VICtoR: Learning Hierarchical Vision-Instruction Correlation Rewards for Long-horizon Manipulation
Kuo-Han Hung, Pang-Chi Lo, Jia-Fong Yeh, Han-Yuan Hsu, Yi-Ting Chen, Winston H. Hsu
TL;DR
VICtoR tackles reward learning for long-horizon robotic manipulation by modeling visual-instruction correlations with a hierarchical framework. It decomposes tasks into stages, motions, and motion progress, leveraging GPT-4 for task knowledge generation and CLIP-based detectors for object-state reasoning, while using a Motion Progress Evaluator with time, motion, and language-contrastive losses to provide dense, structured rewards. The reward signal is built from a potential function that increases as task progress accumulates, enabling policy optimization via shaping rewards. Across simulated and real-world tests, VICtoR outperforms prior VIC methods, particularly on harder tasks, and ablations confirm the value of hierarchical cues and contrastive objectives for robust long-horizon learning. The approach demonstrates practical applicability by learning from action-free videos and language instructions, with real-world data illustrating improved progress tracking and reward quality.
Abstract
We study reward models for long-horizon manipulation tasks by learning from action-free videos and language instructions, which we term the visual-instruction correlation (VIC) problem. Recent advancements in cross-modality modeling have highlighted the potential of reward modeling through visual and language correlations.
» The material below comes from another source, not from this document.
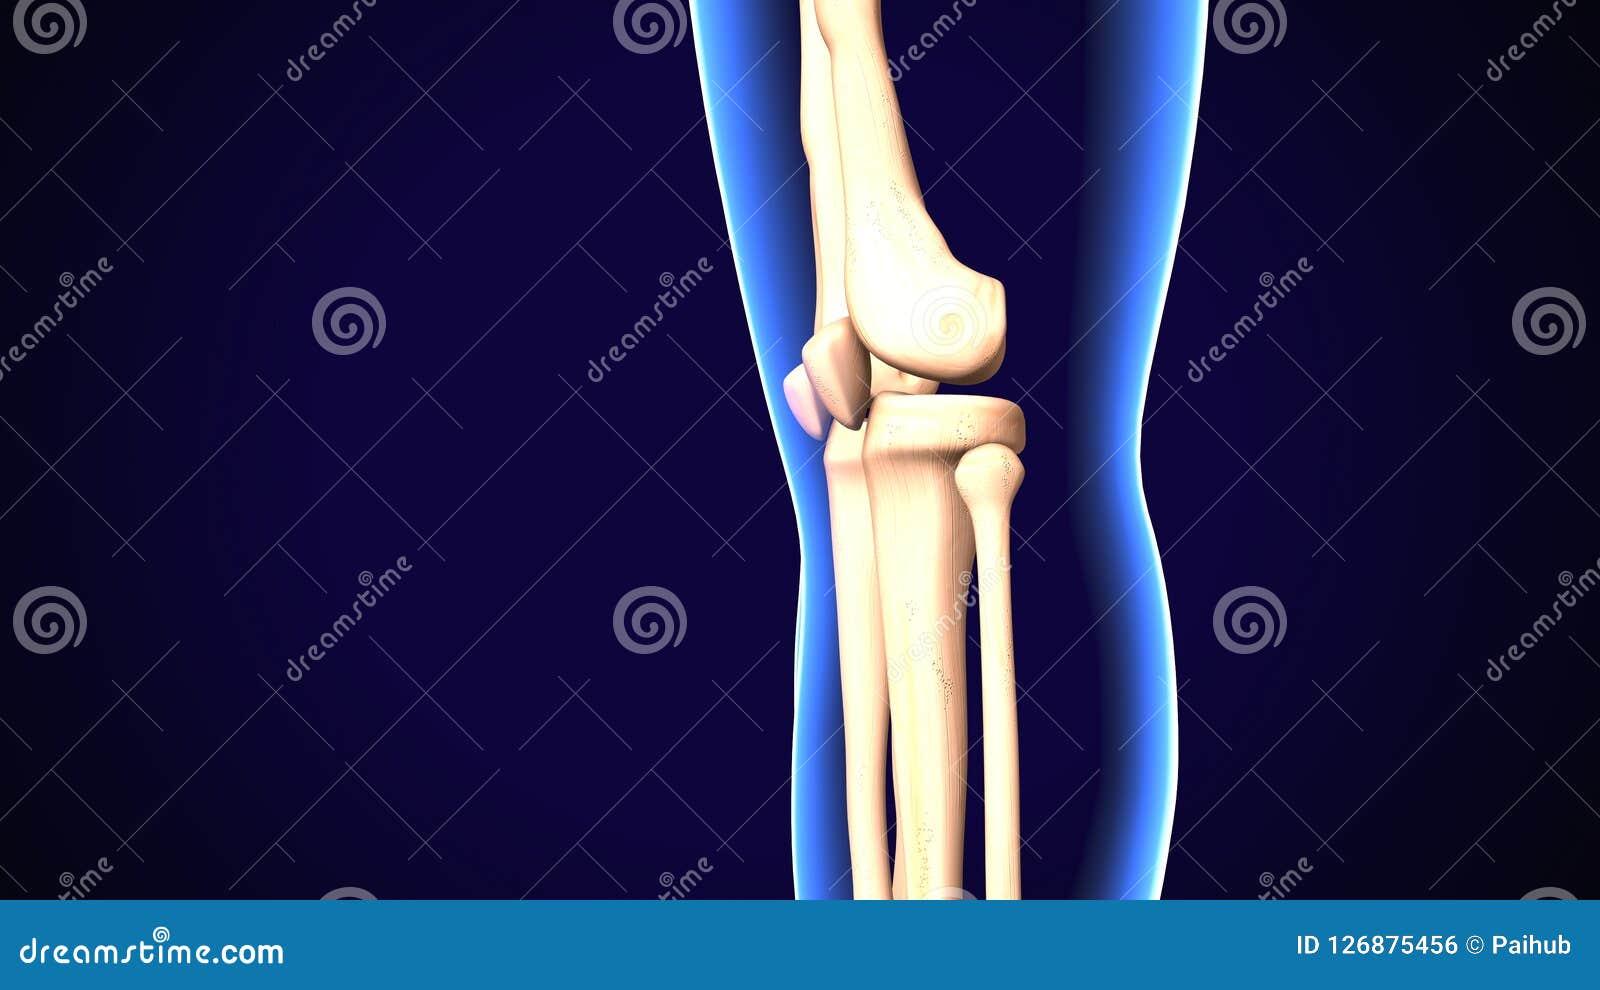 3d Rendered Anatomy Illustration Of A Human Knee Stock Illustration
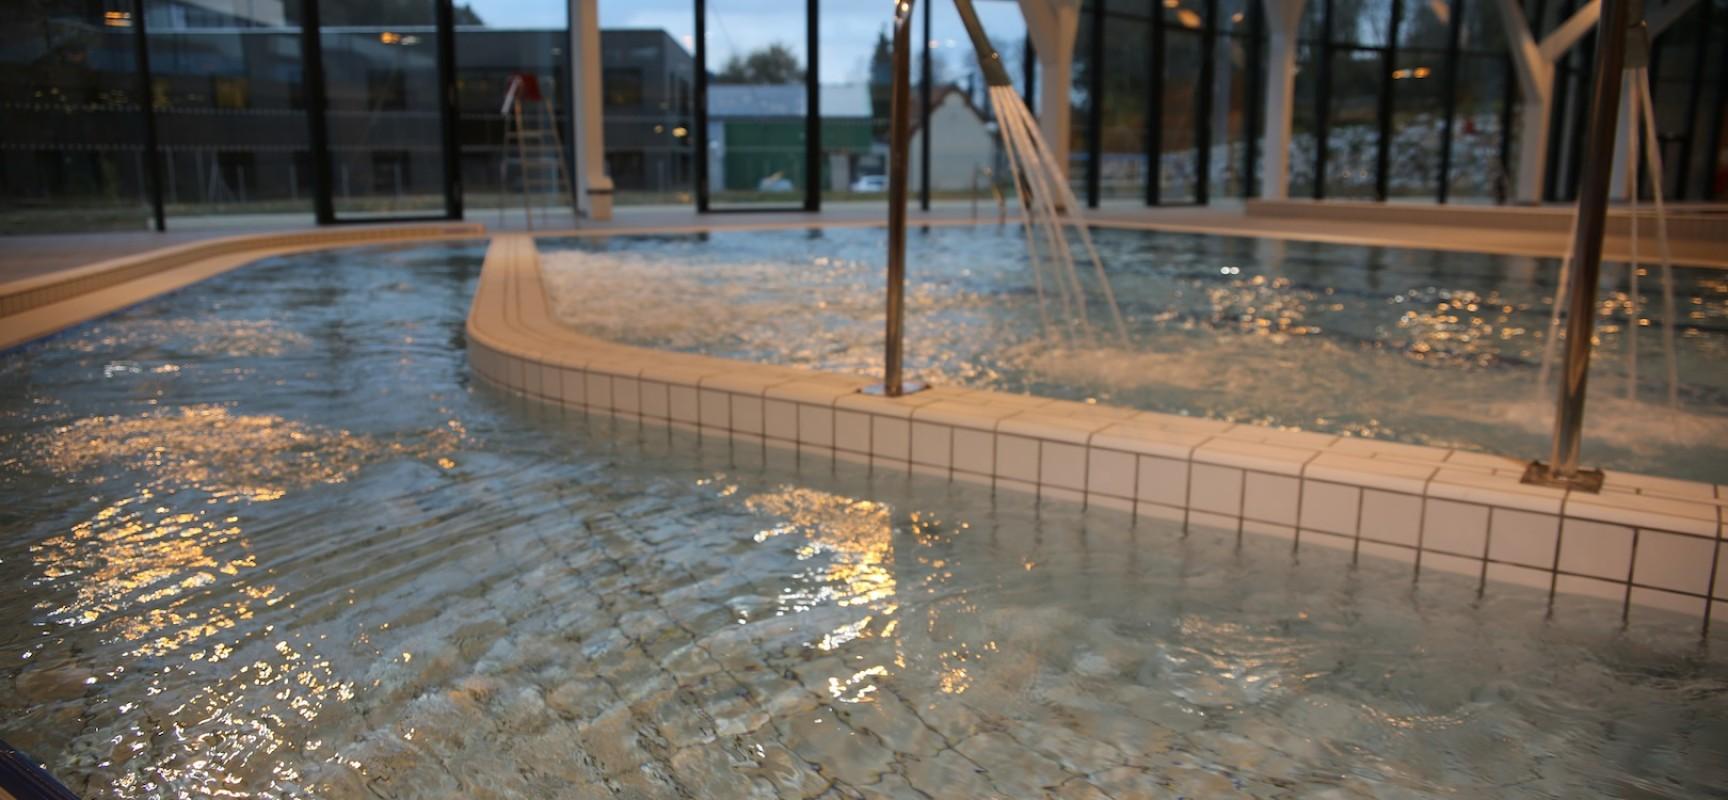 Ouverture de la piscine intercommunale creuse grand sud for Ouverture piscine

However, existing VIC methods face challenges in learning rewards for long-horizon tasks due to their lack of sub-stage awareness, difficulty in modeling task complexities, and inadequate object state estimation. To address these challenges, we introduce VICtoR, a novel hierarchical VIC reward model capable of providing effective reward signals for long-horizon manipulation tasks. VICtoR precisely assesses task progress at various levels through a novel stage detector and motion progress evaluator, offering insightful guidance for agents learning the task effectively. To validate the effectiveness of VICtoR, we conducted extensive experiments in both simulated and real-world environments. The results suggest that VICtoR outperformed the best existing VIC methods, achieving a 43% improvement in success rates for long-horizon tasks.